It is estimated that 700,000 people have left London since the pandemic began, that is enormous for a population of nearly 9 million but this is nothing we have not experienced before. Wild dramatization of a city on its knees does sell newspapers and certainly sends shockwaves across middle England but that is the world we live in, for now.
Since the beginning of time has London experienced numerous wipe-outs, from the ransacking of Roman ‘Londinium’ by the Celtic Queen Boudica in AD 63 to the Great fire of London of 1666, a population exodus, without the need for census has most likely occurred. Even with the luxury of a census we have seen post-war London experience 3 decades of population implosion circa 1960 onwards.

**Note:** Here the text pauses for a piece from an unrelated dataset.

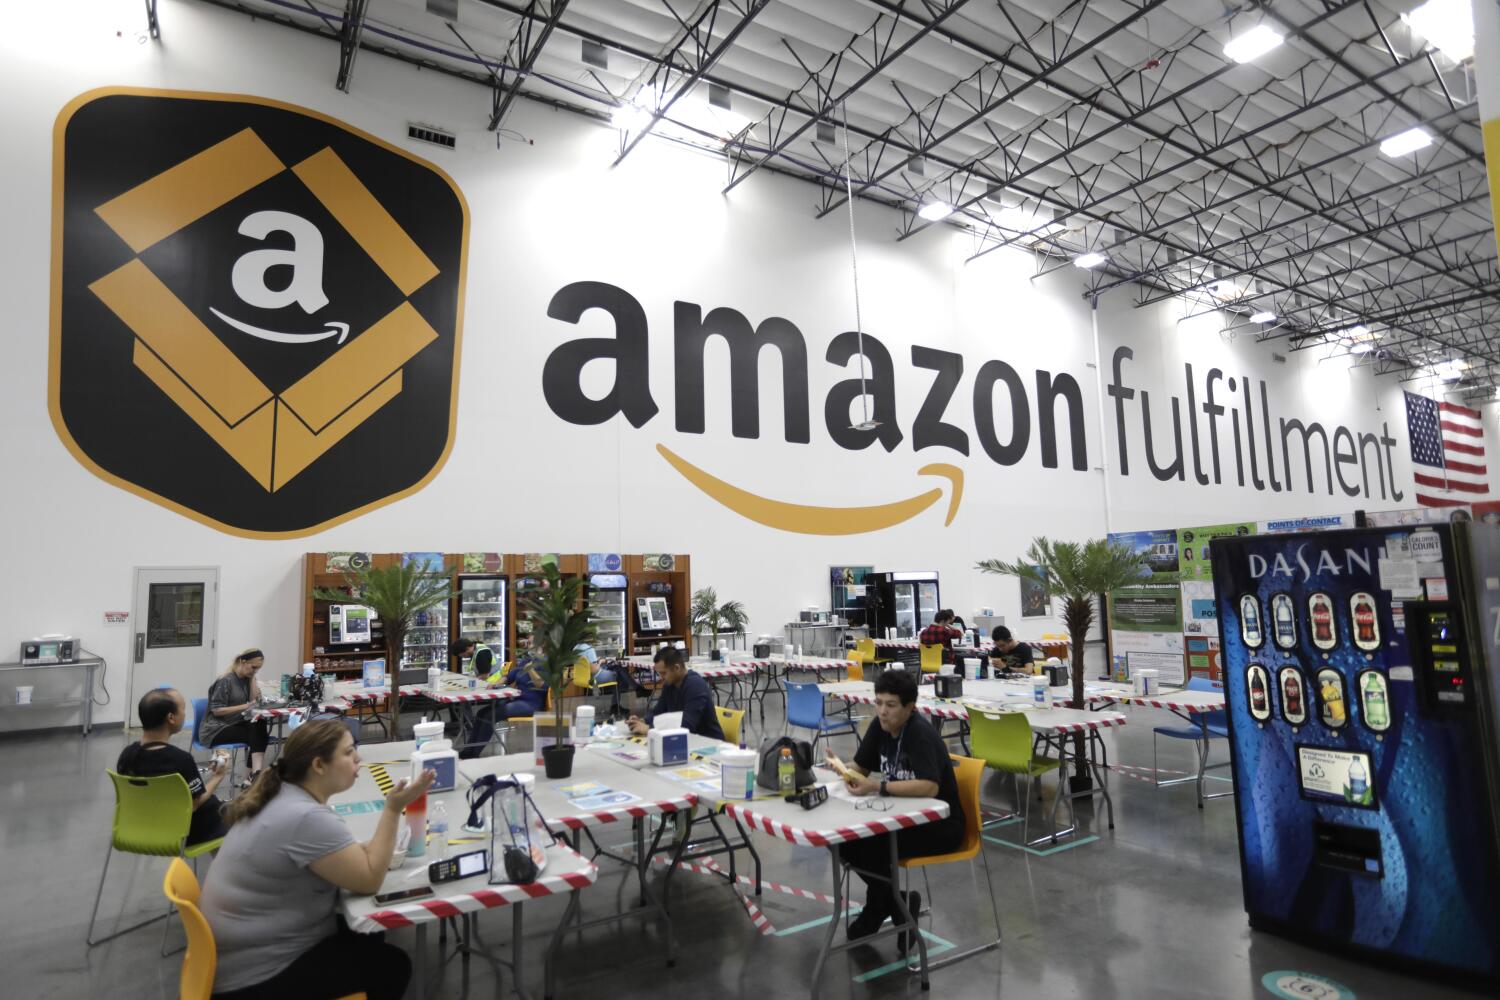 Amazon fined nearly $6 million for violations at Inland Empire warehouses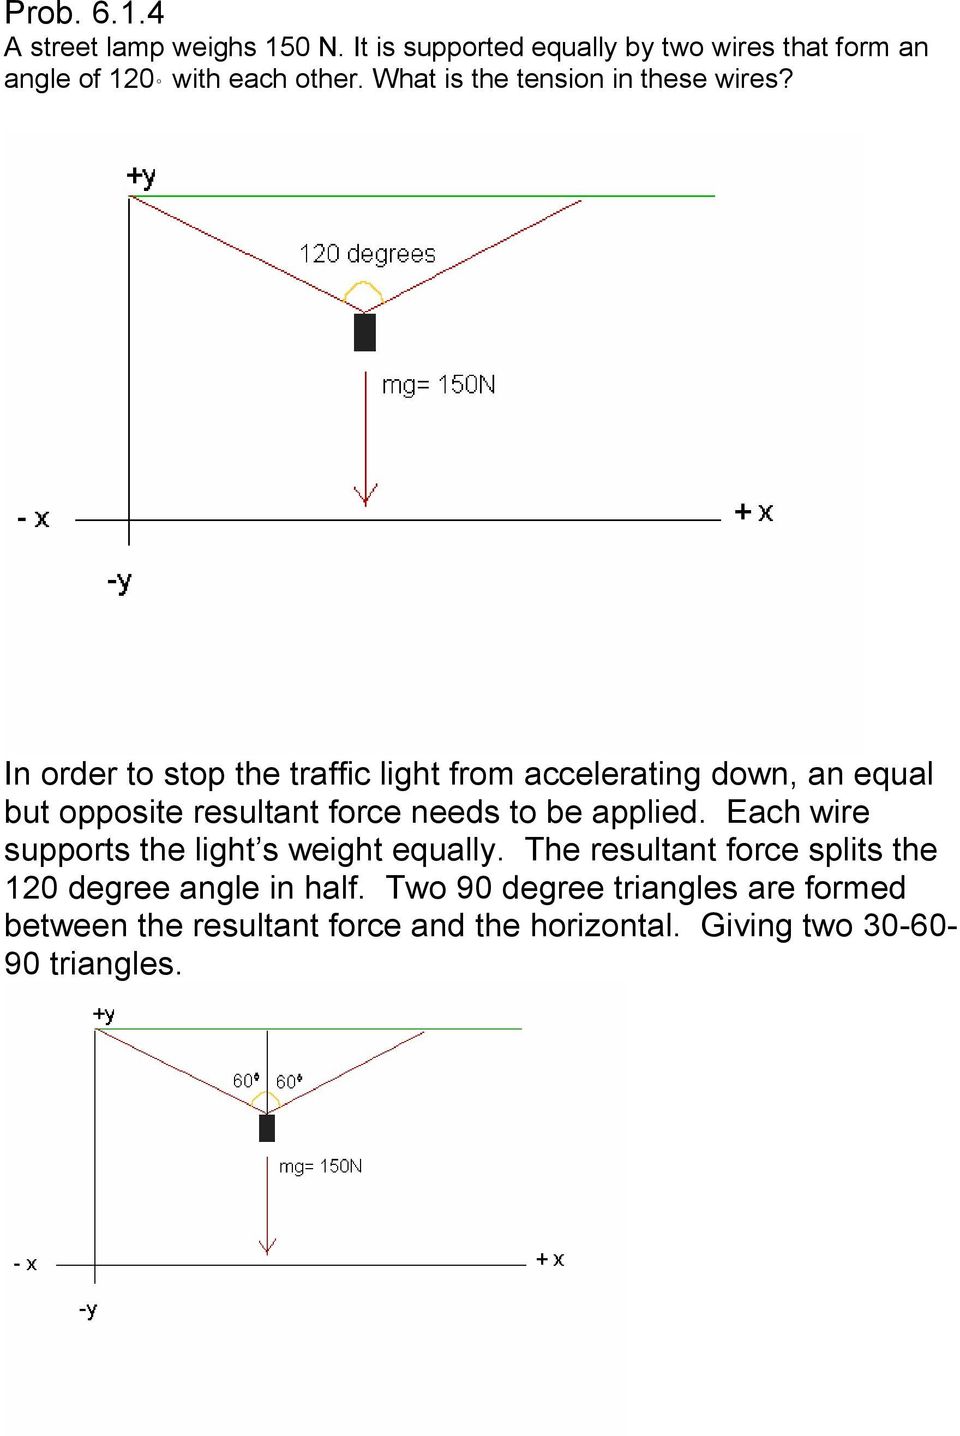 In order to stop the traffic light from accelerating down, an equal but opposite resultant force needs to be applied.

This was an era where the British Empire was on the slippery slope and more practically suburbia was booming with built-from-scratch new towns; almost ironic by present day standards where middle England, for the most part, is satirised and seen as mere hum to London’s drum.
What I will say is that “the city” is not dead — however, I do agree the multitude of options, be it working from home or freelancing from a Ecuadorean beach has certainly reduced the half-life of London’s magnetism. The financial services gold rush has evidently began to stagnate with banks such as JP Morgan seeking to move 400 jobs to Paris for want of a better example. The premier league of aspiration now points online — those with a technical advantage now hold the master key to our future.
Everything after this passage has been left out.